To do my part for the environment, last year I began looking into composting, which can be tough whether you live in the city or country; it requires a vermin-resistant facility of a certain temperature consistency, not to mention the discipline to regularly agitate the mix and/or maintain a worm population, if you go that route. In short, composting is not an easy option for the time-pressed.
So I was very excited to review NatureMill's Automatic Compost Bin, which promises to turn food into dirt with very little hassle--indoors and in a space-considerate way, which is important to us urban dwellers with tight apartments. In the first few weeks I was surprised at how easy the process was; I then decided to do a long-term review, covering six months of usage, to see if it continued to be easy or if unanticipated problems would crop up.
Form Factor
The machine is roughly the size of an Apple G5 or similar desktop PC tower. It's meant to go in an under-counter cabinet in your kitchen, though the aesthetics are unobstrusive enough that it could go on a countertop or on the floor next to the 'fridge without drawing an interior designer's ire, aside from its mass.

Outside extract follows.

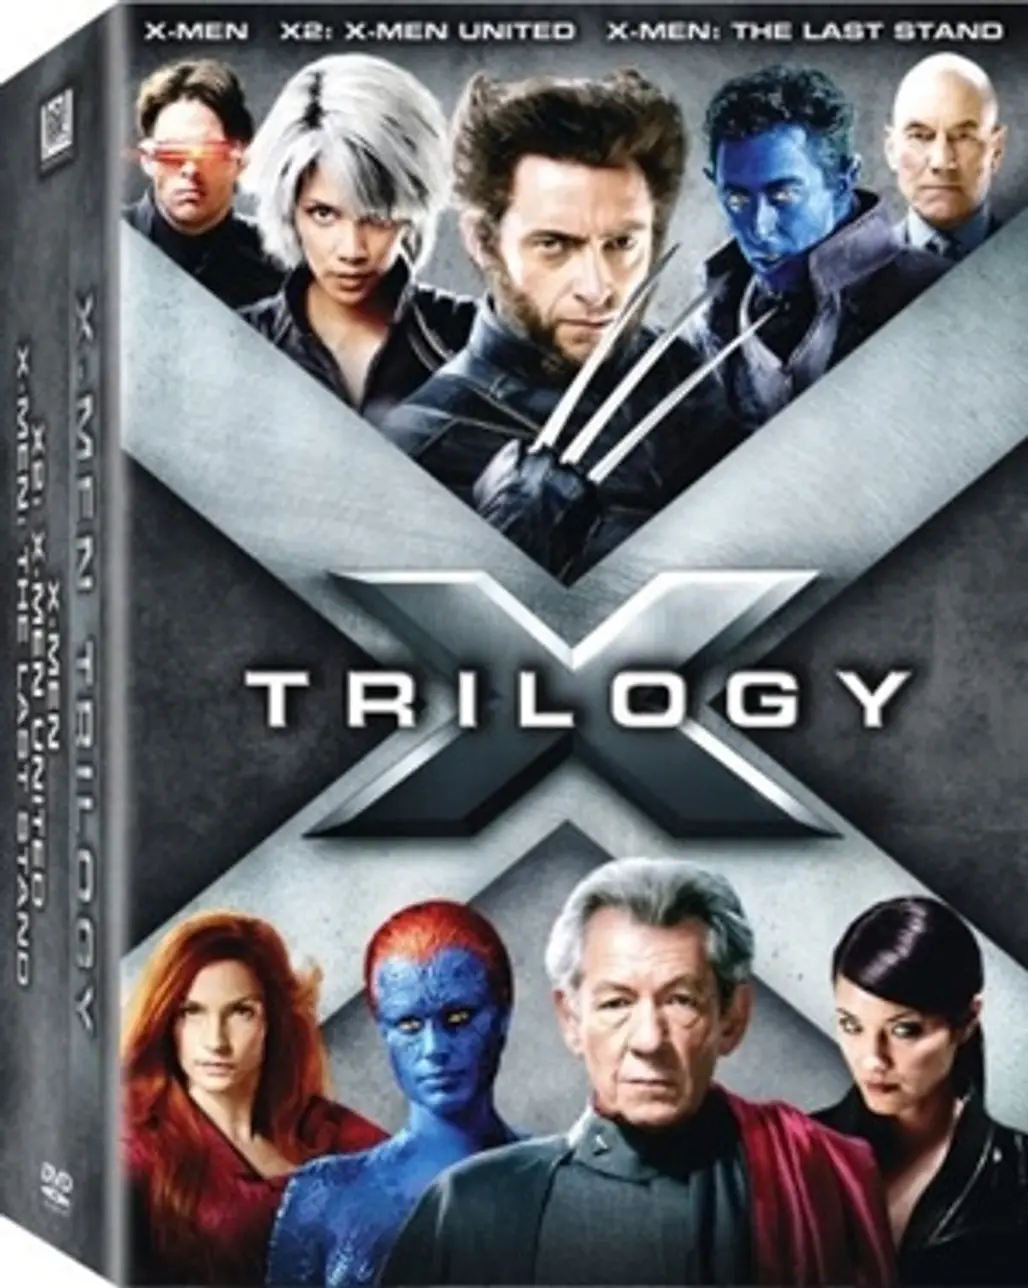 The X-Men Trilogy

The entire top is a swing-up lid, hinged in the back like a waste pail. A removable panel on the bottom front lets you pull out the bin that will hold the composted end product. On the top front is a simple panel containing a single button that you press when your compost is ready to go. (More on this later, in "Operation.")
I was a little puzzled by the choice of the housing material, which appeared to be styrofoam; but in fact it's recycled (and recyclable) polypropylene, which is both eco-friendly and durable. This machine was built to last and to be recycled at the end of its life.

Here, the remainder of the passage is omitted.